Haciéndolo masacrar bestias como cerdos sin valor, llegando incluso a hacerle destruir todo un ecosistema…

Kaden se detuvo en ese pensamiento.

—Bueno, quizás no me dijo específicamente que destruyera el bosque, pero vamos —todo comenzó cuando me dio esa misión tan ridícula —se defendió.

Después de todo, él no habría destruido esa zona exterior si no fuera por la misión.

Y ahora que estaba planeando conseguir una piedra de evolución y completar la misión, pues sí…

no podía evitar sentirse aprensivo.

—Simplemente lidiaré con…!

Se detuvo a media frase cuando su mirada cayó sobre Reditha, que yacía silenciosamente en su regazo.

Una leve sonrisa se dibujó en sus labios, haciendo que sus ojos se entrecerrasen de una manera que le recordaba a Vaela.

—No, estarás conmigo, Reditha.

Pasaremos por esto juntos, como siempre.

Aunque no te haya estado dando la atención que mereces.

—Sus últimas palabras llevaban una nota de culpa.

Pero Reditha pulsó con un resplandor carmesí alegre, diciéndole que todo estaba bien.

—Me haces sentir aún peor cuando actúas así.

Quiero que estés enfadada conmigo —dijo, agarrando su empuñadura, luego levantándola en el aire, dejando que el sol rastrero de la mañana brillara a través de su hoja ensangrentada.

La luz roja se reflejó por toda la habitación, tiñéndola de un hermoso carmesí mientras Reditha pulsaba en respuesta a sus palabras.

—¿Eres una simp por mí?

—repitió, reprimiendo una sonrisa, pero pronto una amplia sonrisa se extendió por sus labios.

—¿Cómo conoces siquiera ese término?

—preguntó, riendo.

Reditha respondió que lo había aprendido de él, aunque Kaden no recordaba haber dicho tal cosa en este mundo.

Aun así, se rio, encontrando absurdamente divertido escuchar a Reditha pronunciar esa palabra.

—Mereces más atención.

Me aseguraré de corregir eso —susurró a su espada, sosteniéndola con fuerza.

Después de eso, se levantó y estiró su cuerpo perezosamente.

—Iré a ver a Daela, luego reuniré comida, agua, ropa y artefactos en mi anillo espacial antes de regresar a Fokay…

hoy —decidió Kaden, avanzando con determinación.

Reditha pulsó débilmente bajo su fuerte agarre.

…

Fokay – Ciudad del Dolor.

La Ciudad del Dolor estaba dividida en dos zonas principales.

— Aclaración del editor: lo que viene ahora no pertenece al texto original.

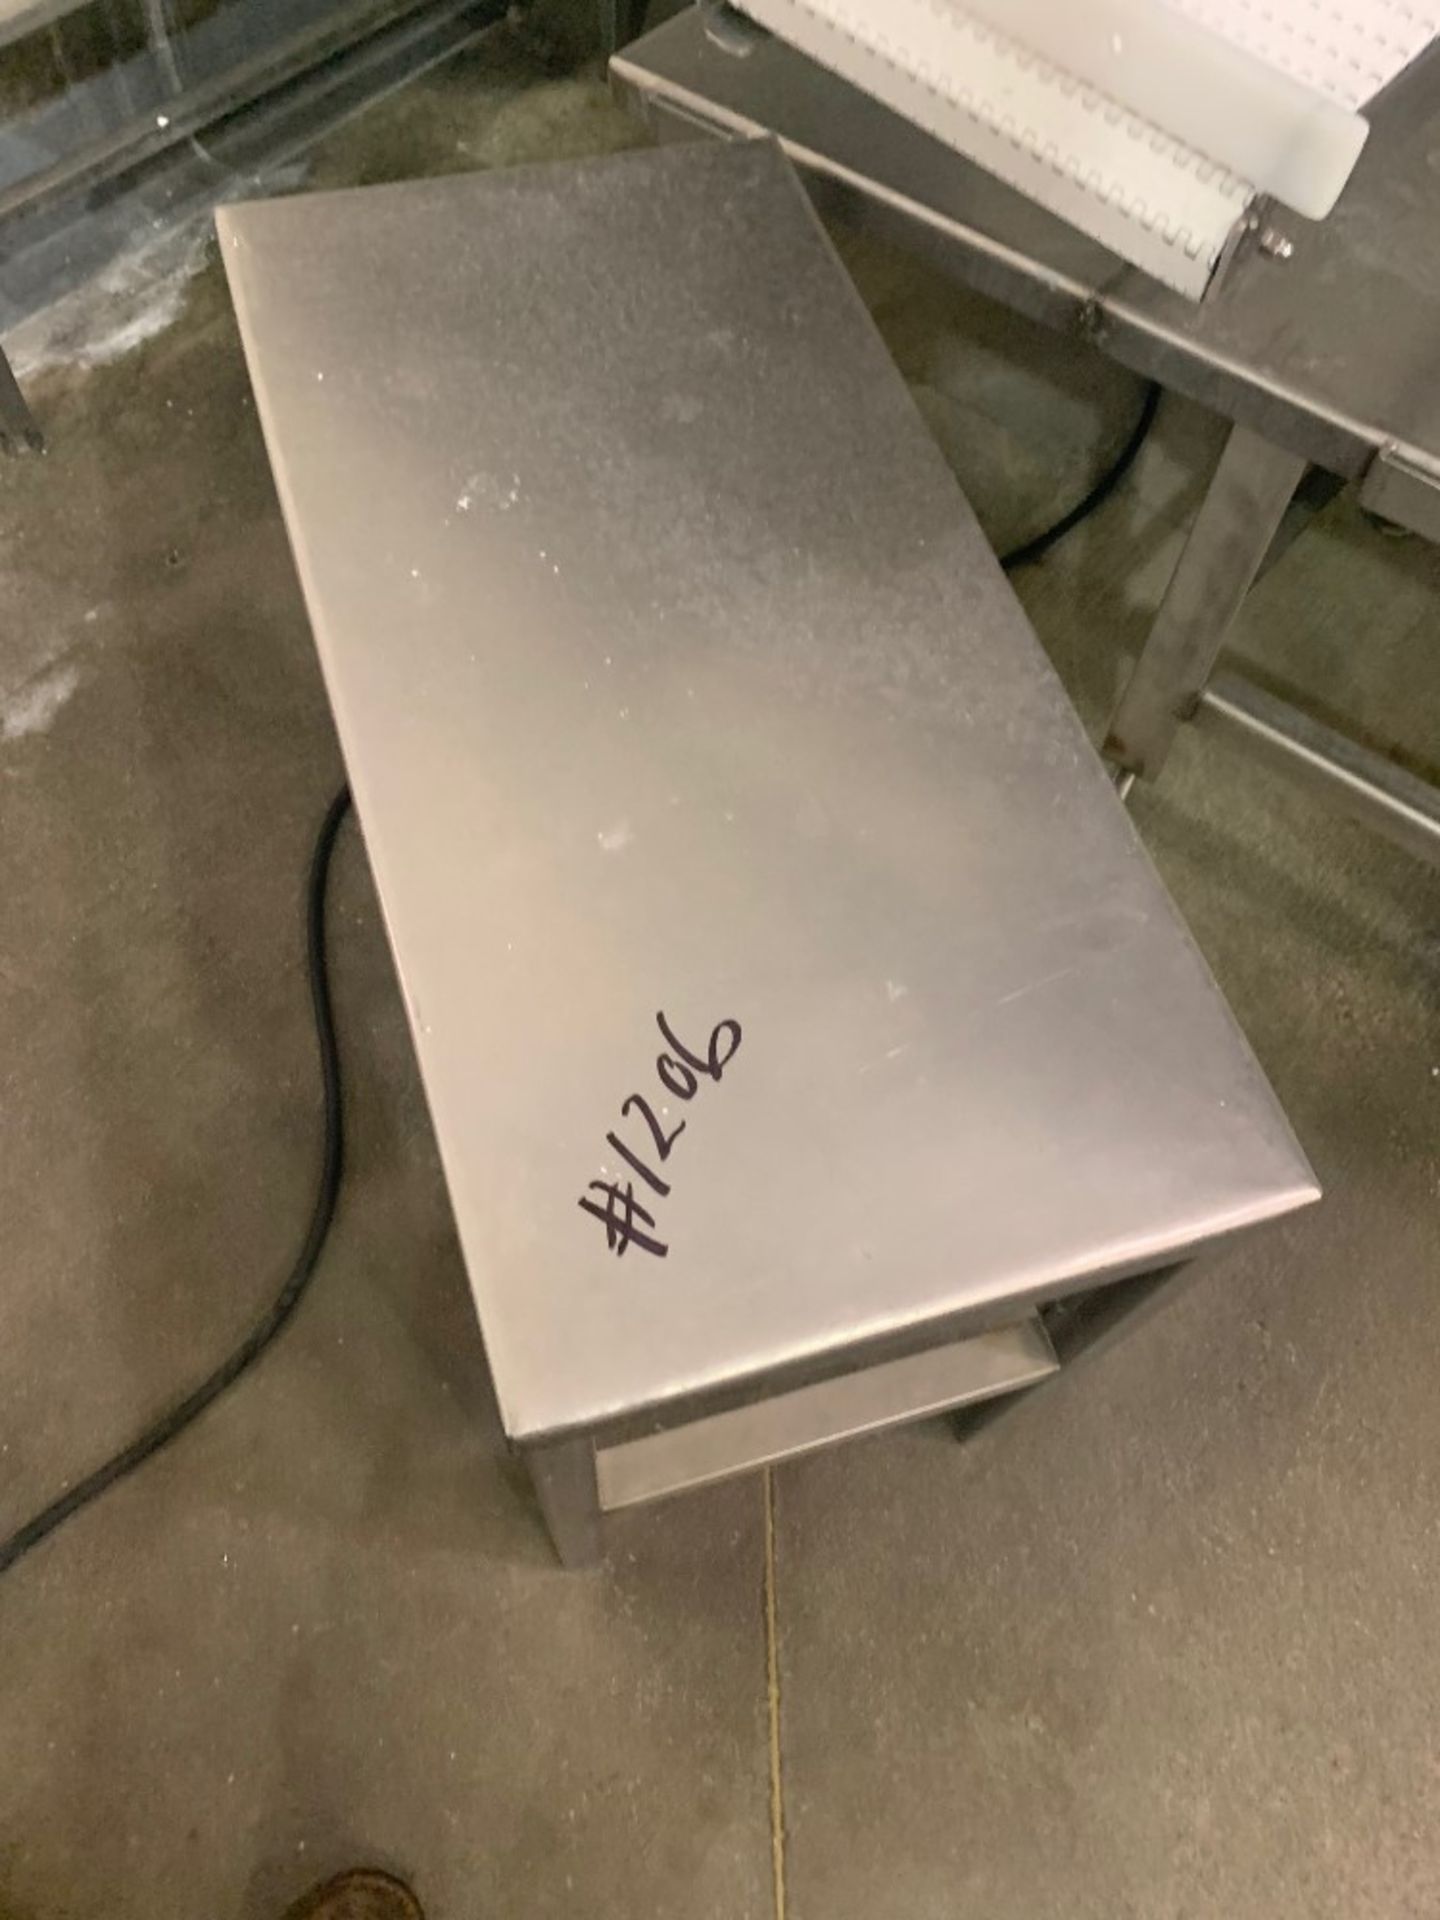 Large Lot (15) Stainless Steel Tables, miscellaneous sizes: Required Loading Fee $400.00, Rigger- - Image 3 of 7
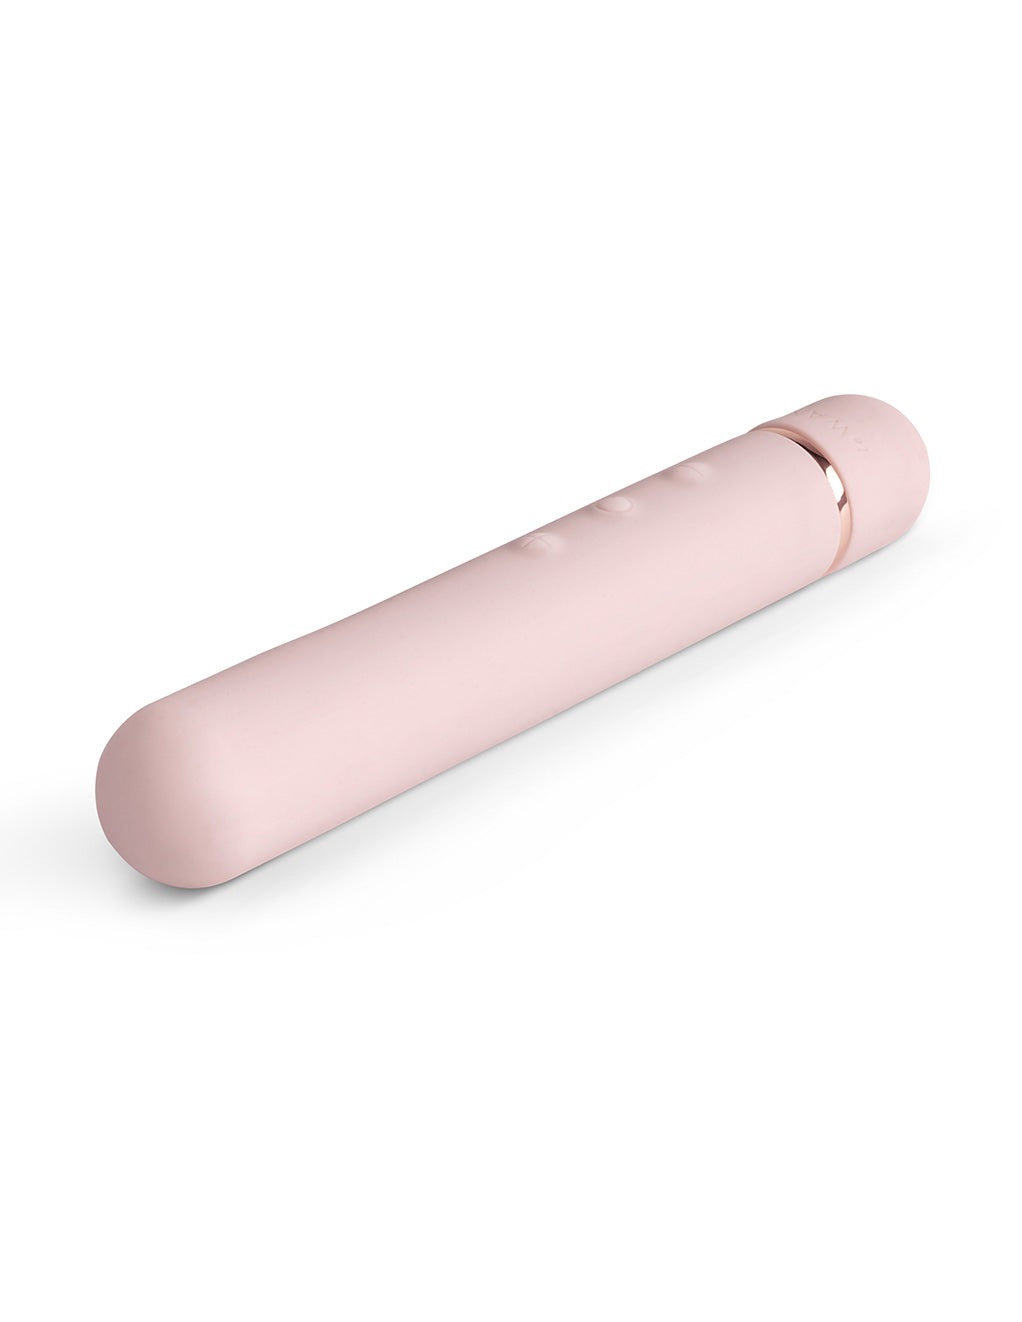 Le Wand Baton Rechargeable Clitoral Vibrator- Rose Gold- Top

La primera era la zona residencial, donde todas las casas tenían el mismo tono gris monocromo sin vida.

Sus formas y tamaños diferían.

Algunas eran pequeñas con apenas espacio, otras eran altas e imponentes.

Algunas favorecían diseños intrincados y complejos, mientras que otras eran sencillas.

“””
Algunos hogares albergaban en su interior patios enteros, incluso jardines de flores grises atendidos por sirvientes.

Otros apenas tenían espacio suficiente para albergar a sus familias.

Algunas paredes estaban agrietadas, sus puertas crujiendo con cada aullido del viento, mientras que otras se mantenían inmaculadas, intactas por el polvo o la corrosión.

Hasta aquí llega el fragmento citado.